Review: Who’s Afraid of Virginia Woolf?


Martha – Imelda Staunton

George – Conleth Hill

Honey – Imogen Poots

Nick – Luke Treadaway

Edward Albee’s legendary 1962 play Who’s Afraid of Virginia Woolf? is currently playing at the Harold Pinter Theatre in London. Directed by James MacDonald and starring celebrated actress Imelda Staunton, fresh from her recent triumph in Stephen Sondheim’s Gypsy, and Game of Thrones actor Conleth Hill, this production is an unqualified success.

The dark yet often comedic play details the aftermath of a party thrown by Martha’s father, the president of the college where George is a professor. Nick and his wife Honey are also in attendance, as Nick is the newest professor at the college. Over the course of three hours the dysfunctional marriage between Martha and George gradually unravels, revealing raw, vulnerable and ultimately self-destructive characters.

Imelda Staunton’s performance is undoubtedly one of her best yet.

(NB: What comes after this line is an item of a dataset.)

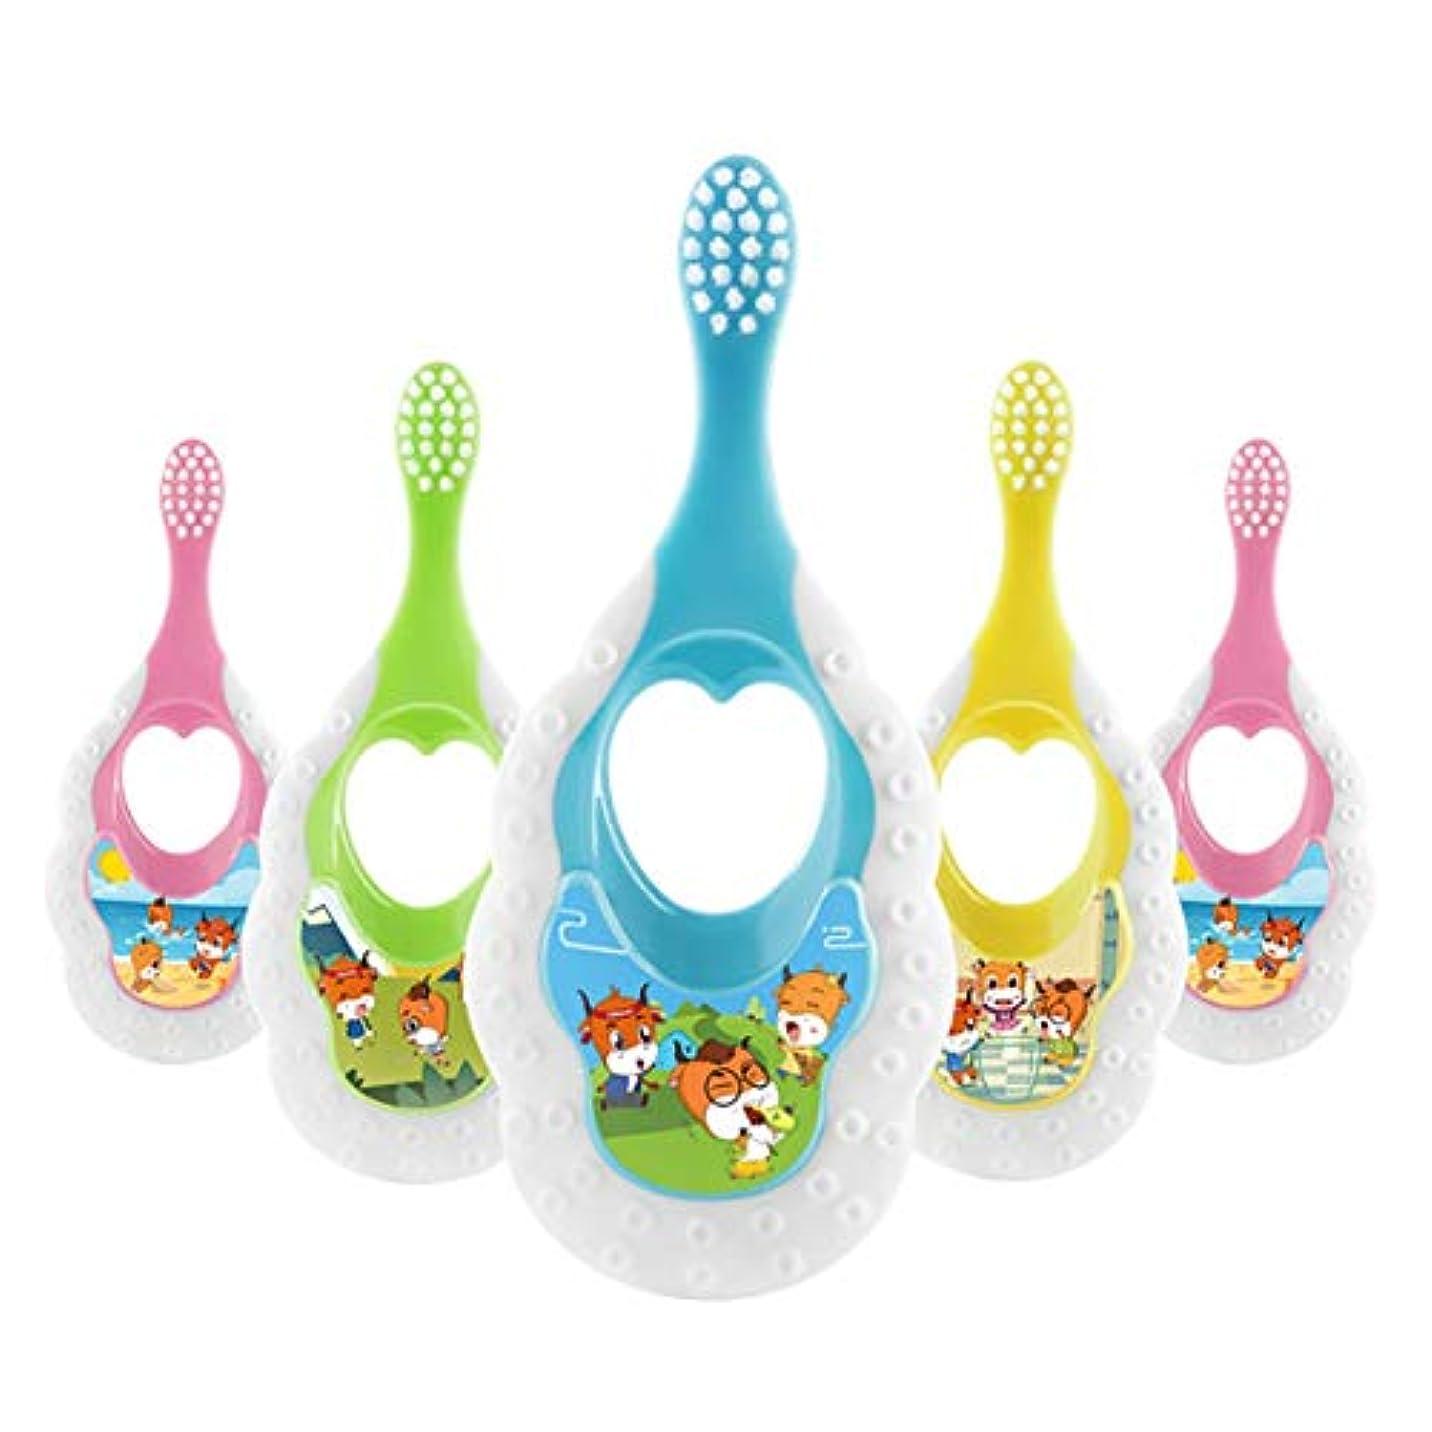 拷問回想ブラウズIntercoreyかわいいデザイン子供柔らかい髪歯ブラシ漫画パターン歯ブラシヘッド歯ブラシ用子供1-3歳

She may only be five feet tall, but what she lacks in height she makes up for in stage presence. The commanding tone of her voice is not dissimilar to her performance in Gypsy, with a flawless American accent you could be forgiven for thinking was real. Throughout the three acts we see the full range of her acting talents, from her quick wit to her heart-breaking emotional breakdown in the final scene.

Conleth Hill gives a superb performance as George, Martha’s dissatisfied, cynical, taunting husband. At times his interpretation of certain lines are hauntingly similar to Richard Burton’s in the 1966 Oscar-winning film, and the same can certainly be said of Staunton and Elizabeth Taylor. Hill perfectly channels the dark humour of Albee’s play, engrossing the audience and giving them no choice but to hang off his every word.

Staunton and Hill bounce off each other, creating an intensely emotional relationship between Martha and George. Arguably the best scenes in the play are the very few when just the two of them are on stage, tormenting each other with vicious attacks they both know they are going to regret.

Luke Treadaway plays the somewhat arrogant new professor Nick, and his naïve ‘slim-hipped’ wife Honey is portrayed by Imogen Poots. Whilst Treadaway already has an extensive list of theatre credits to his name, Poots makes not only her West End, but her theatre debut in a role perfectly suited to her. Despite the differences in their ages, the two couples clearly both have their demons regarding children, the exact nature of which is not entirely clear until the climactic final scene.

Imelda Staunton made headlines late last year when she called for a ban on eating in theatres, and surely it is no coincidence that the first West End theatre to implement this rule is the very theatre she is performing at. In a play as intense as Virginia Woolf?, it is important that the audience’s full attention be on the actors giving the performances of their lifetimes, and not on making noise by rustling packets and annoying the people around them. Happily, at least at the performance I saw, the entire audience abided by this rule. With any luck, more theatres in London and around the country will follow in their footsteps, creating a much more enjoyable experience and enabling the audience to focus their attention where it is needed.

Who’s Afraid of Virginia Woolf? runs at the Harold Pinter Theatre until the 27th May, and will be broadcast live to cinemas across the country on Thursday 18th May.